Panama Water Shortages
Monday, September 21 2009
Written by Matt Landau
I’m driving in rural Panama when I stopped in front of a cute little house and asked the woman sitting on the porch if I could use her bathroom. I’d seen it done by a friend of mine Jianella a few years back. “Just go right up to the door and ask,” she said. “Panamanians always say yes.” It wasn’t the response I was concerned about as much as the condition of the bathroom itself. I’ve always had a fear of public bathrooms and in this case, private ones were no different. The woman of course said sure and the bathroom, it turned out, was quite decent but for one factor – it had no running water. I would discover this only after doing my business and, with the strength of God, managed to throw most of my debris out the back window where a deep hole sunk into overgrown weeds.

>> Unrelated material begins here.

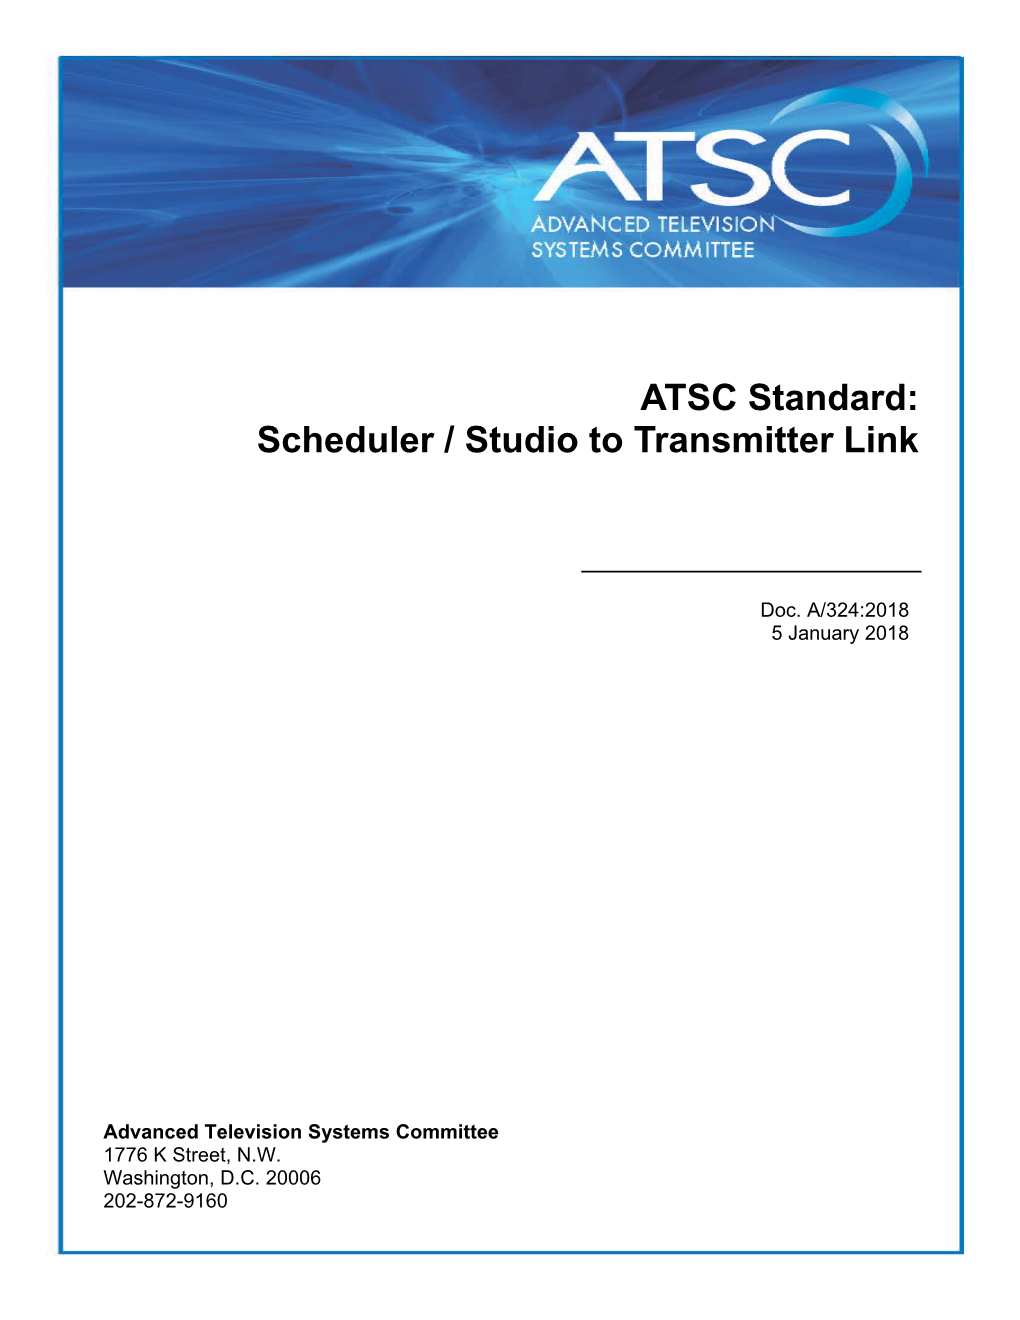 A/324, "Scheduler / Studio-To-Transmitter Link"

Two very different scenes emerged in Panama not long ago. At Panama City‘s landmark hotel the Intercontinental Miramar, President Martinelli, before getting into his motorcade of shiny new Prados, along with several aids and economics experts reported that Panama was weathering the recession. After that morning’s power lunch, they declared that growth would be down but Panama would still maintain a top spot in Latin America thanks to billion dollar Canal expansion, banking district and the dollarized economy.
Roughly 30 miles from the Prados and cosmopolitan Panama City is the rural village of Campana where I stopped to use the bathroom. My host mother that morning, a middle-aged woman named Gladys explained that water shortages were common in her parts. She said it was difficult because they lived mostly off the family farm. The more water shortages, the less crops they could grow and the less crops, the less food her and her family of five had to eat. It hadn’t rained much in the past months and while I tried desperately to sympathize with Gladys, I’ve never been in a position to survive on water so vitally. I don’t know why I did this, but before I left, I gave Gladys’ son Elvis a can of Axe deodorant I had in my car and told him it would help him get beautiful girls.

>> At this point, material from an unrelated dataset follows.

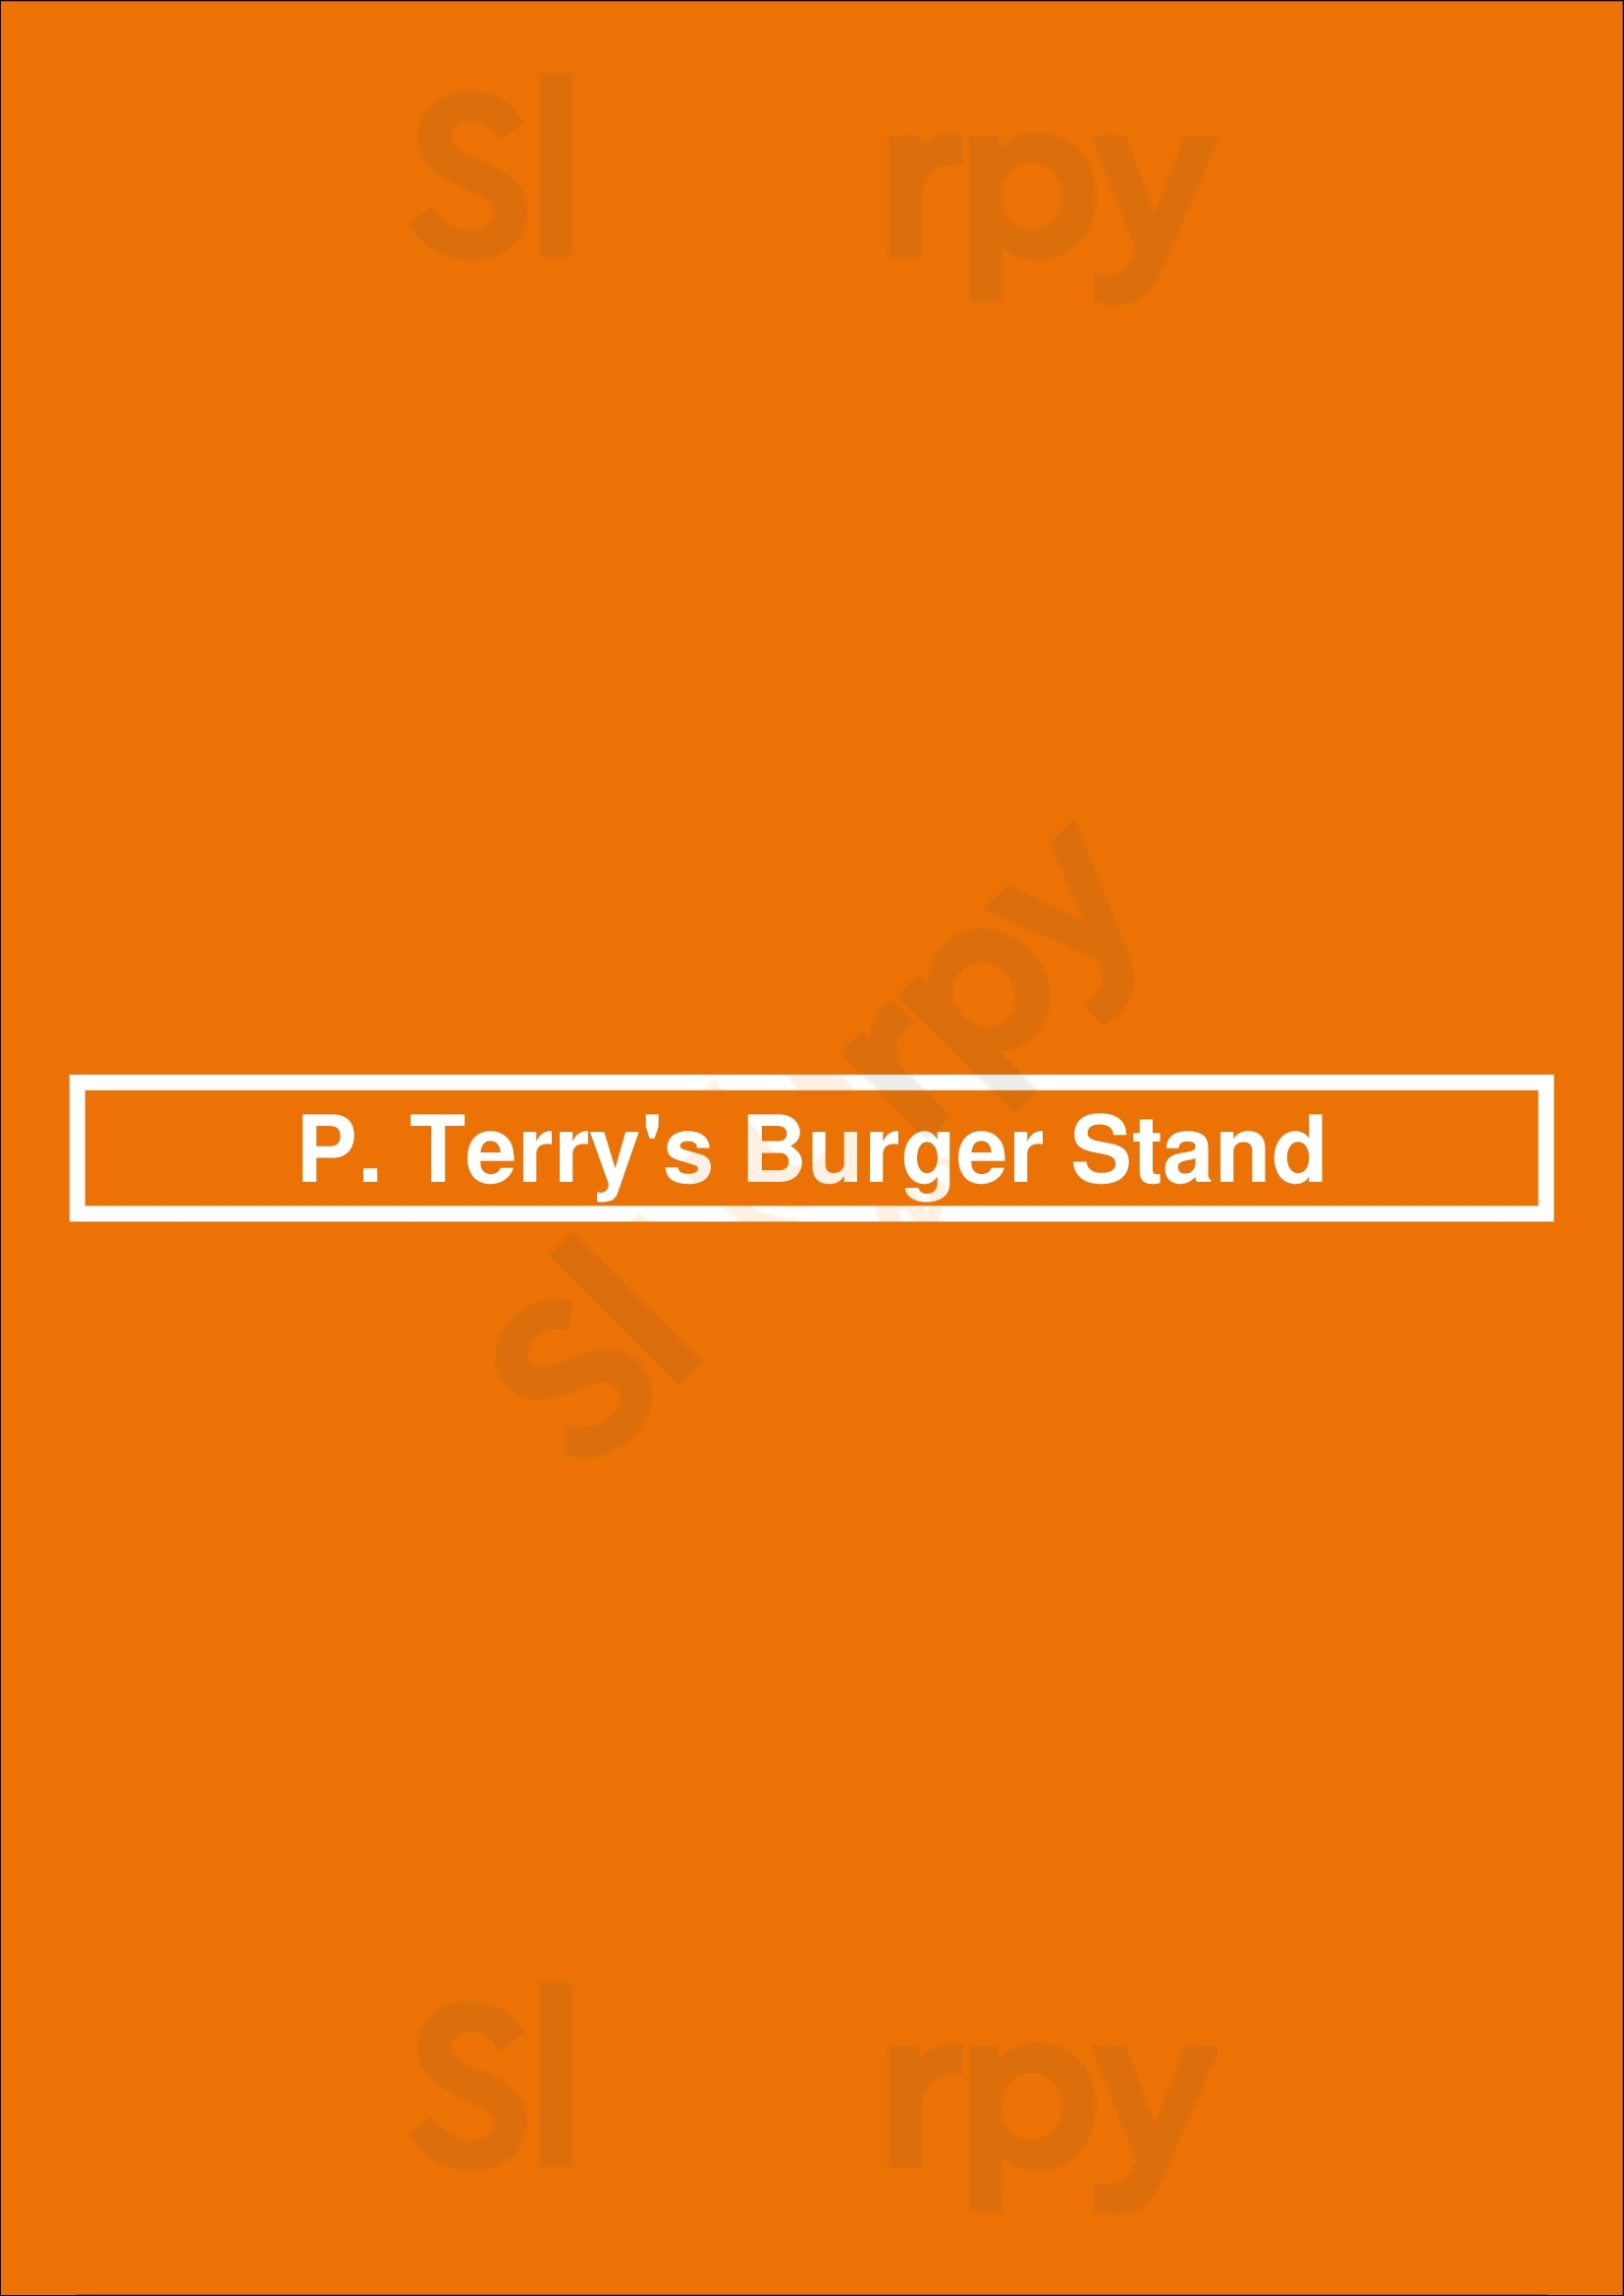 P. Terry's Burger Stand #3 Austin Menu - 1

Over the past 18 months, as the world economic crisis shook up much of the world, Panama wobbled but never came tumbling down. And now that the credit crunch appears to be easing in some ways, Panama is supposedly poised for renewed large-scale growth. However the optimism in Panama’s cities can be contrasted in the country’s less progressive places which underlines the fact that many people in Panama are still largely untouched by the nation’s record growth.

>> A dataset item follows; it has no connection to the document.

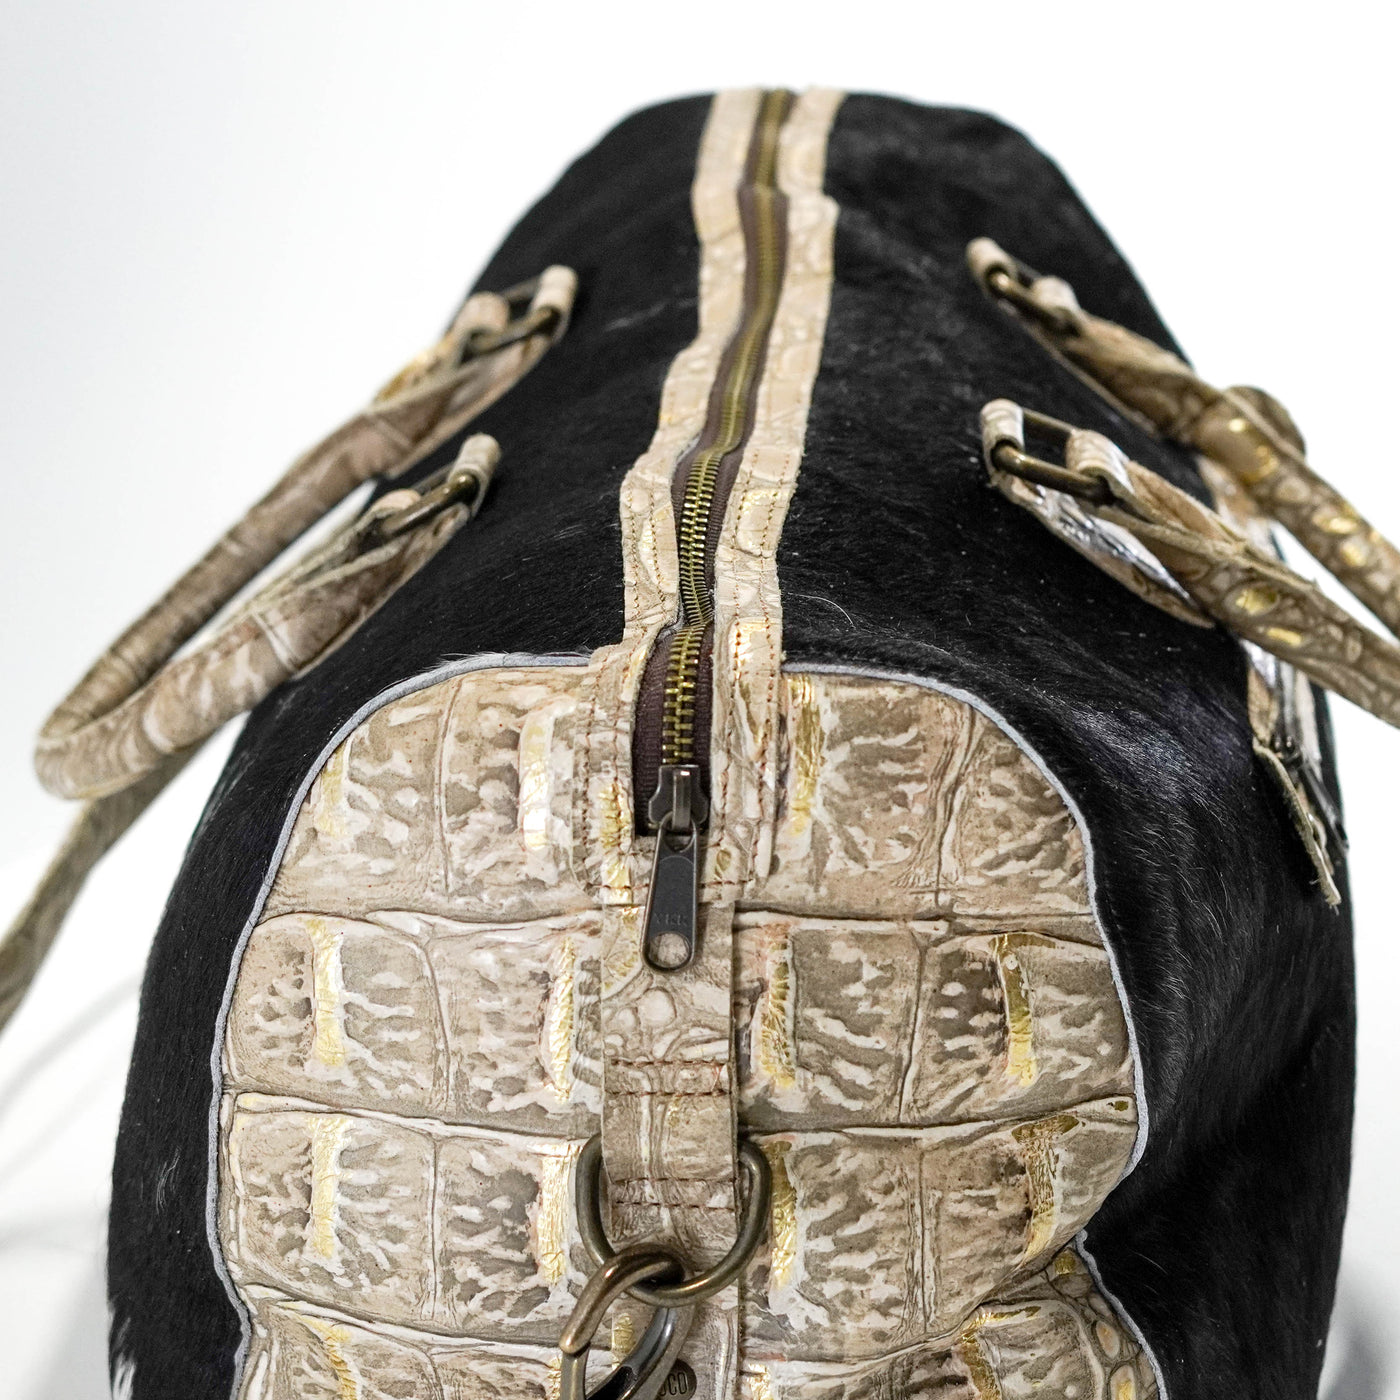 Duffel - Black & White w/ Ivory Jumbo Croc-Duffel-Western-Cowhide-Bags-Handmade-Products-Gifts-Dancing Cactus Designs

While trade, banking, the real estate boom, and budding tourism sector occupy much of Panama spotlight, a large percentage of Panamanians still rely on agriculture for a living. Agriculture employs a ton of Panamanians (in proportion to its percentage of the country’s GDP). In tandem, agricultural products make up the nation’s main exports, which have declined steeply in 2009.
In a fairly unpublicized article that came out last April in La Prensa, reporter Alcibiades Cortes reported that nearly 70% of the nation’s farms had water shortages. Not only are the rainy months crucial for Panama’s livestock and crops, but access to water reserves has been dominated by tycoon developers. Water shortages aren’t limited to rural areas either: several highly-promoted tourist destinations frequently go without water for days on end.
Santeña Maximino Cedeño, a farmer and member of the National Cattle Association said “the economic losses from drought in Panama is incalculable.” And although MIDA (Institute for Farming Development) has developed a water plan, few if any results have been announced.
In 2001, Panama’s summer drought killed 720 thousand cattle and caused another 15,000 serious malnutrition. No one thinks Panama is facing this type of emergency again, but the upcoming dry season has refocused attention on the problems facing Panamanian agriculture as the population increases, foreigner-targeted real estate developments are constructed, and water resources come under greater pressure. It has refocused attention on Panama’s less glitzy industries and populations.
Many of Panama’s farmers are subsistence farmers (cultivating enough crops to survive) and over one million people (more than 30 percent of the population) live below the poverty line in Panama. Of those people, more than half a million (19%) live in extreme poverty. While poverty has decreased in Panama over the years, it is still one of the more unequal countries in the world. Says the World Bank: “Panama’s poorest are very poor and the richest are very rich. Although inequality is higher in rural areas, it is more obvious in urban areas, such as the city of Colón, where the close physical juxtaposition of the modern, dynamic, wealthy sector with poor city slums accentuates the perceived gap between rich and poor.”
To the neophyte, it would seem that in Panama, a lot of people got carried away in the big industries and forgot that less glamorous initiatives like water existed. It will fall to Ricardo Martinelli’s new administration to determine how the showers of economic growth can better filter down to the country’s poor. Martinelli won in a landslide victory promising more attention to the people, among his first moves, donating his entire salary to charity and opting to ride around in his own private jet. Martinelli’s yet to enact any major plans addressing the water issue during his short time in office, so in the meantime, families like Gladys’ are left looking to the sky for answers.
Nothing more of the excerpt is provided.